WAKE FOREST UNIVERSITY is a unique learning environment; it is a place that aspires to become a discussion crossroads on contemporary and important national and international issues. Wake Forest is a distinctive university that combines a liberal arts core with graduate and professional schools and innovative research programs. The University embraces the teacher-scholar ideal, prizing personal interaction between students and faculty. It is a place where exceptional teaching, fundamental research, and discovery, and the engagement of faculty and students in the classroom and the laboratory are paramount.
These parts of our vision and mission stem from a long tradition of paideia which resulted in the modern-day version of liberal arts and educating people and attacking problems from multiple perspectives. The complexity of sustainability challenges demands this perspective and is best viewed as a set of complex, intractable problems that call for this interconnected, nexus, approach.
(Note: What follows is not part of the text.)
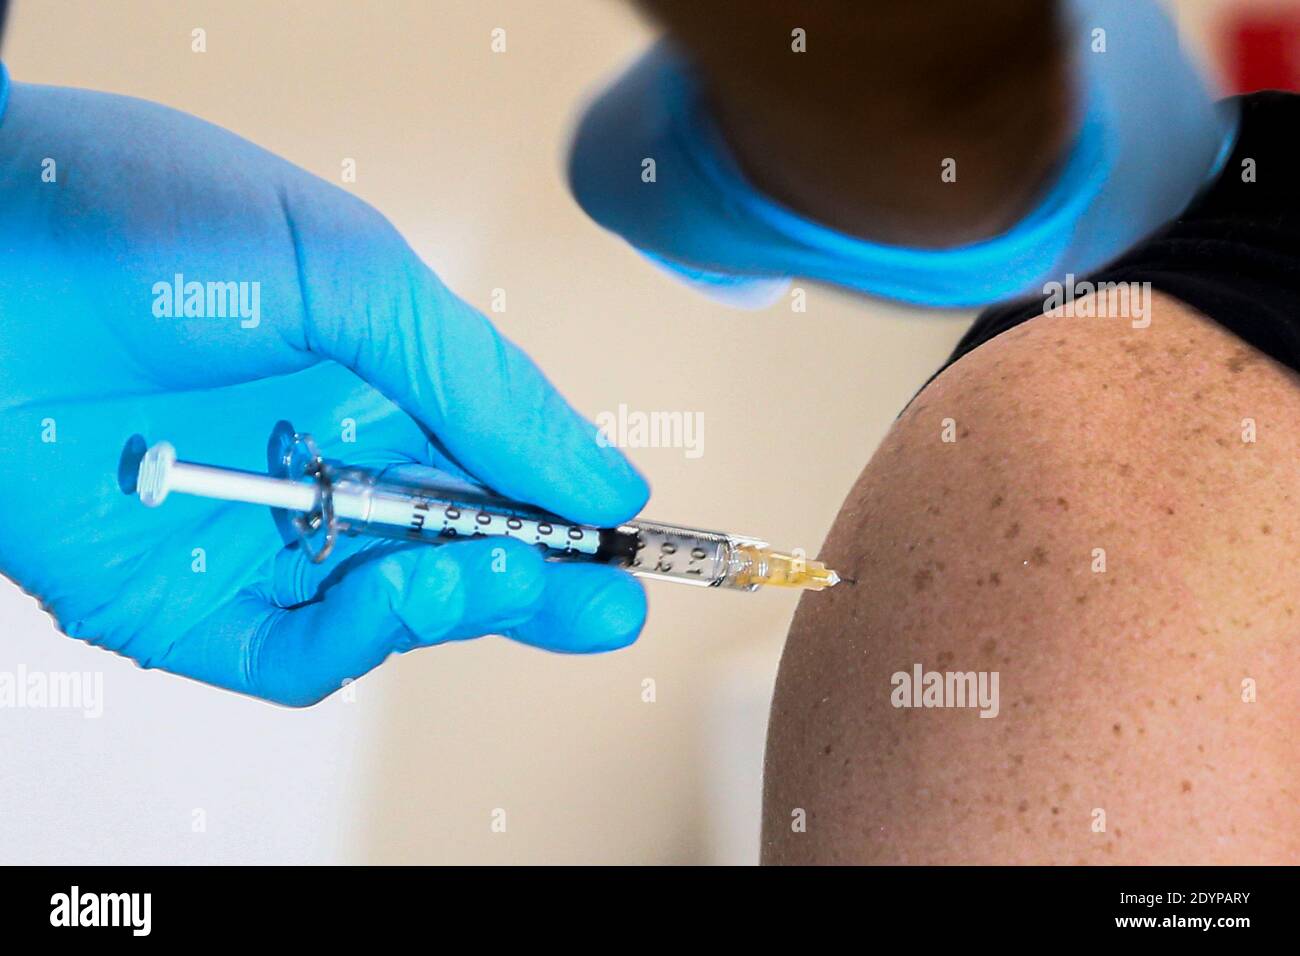 Detalle de la inyección de la vacuna contra COVID-19. Día de la vacuna en Italia, las primeras inyecciones de la vacuna Pfizer se administran a los trabajadores de la salud al mismo tiempo. Foto de stock

The increasing relationships among various resources and the use of those resources have far-reaching effects on global development over the next few decades. Demand for these resources, such as air, energy, water, and land, will grow substantially owing to an increase in the global population from 7.1 billion today to over 8.3 billion by 2030. An expanding middle class and swelling urban populations will increase pressures on critical resources, especially water and food. Water is fundamentally important to nutrition, health, the environment, the economy, and power generation. Food cannot be produced without water, and most of the water consumed around the world is used for agricultural purposes and needs energy for delivery. The 2012 Global Health Index report focused particularly on how to ensure sustainable food security under conditions of water, land, and energy stress.
Forecasts relating to the expansion of renewable energies suggest that growth rates in the areas of wind and solar energy will be much higher. These technologies have the added benefit that they barely need water to operate. Yet, the embedded energy needs of solar are high and solar panels may pose a threat to waste streams.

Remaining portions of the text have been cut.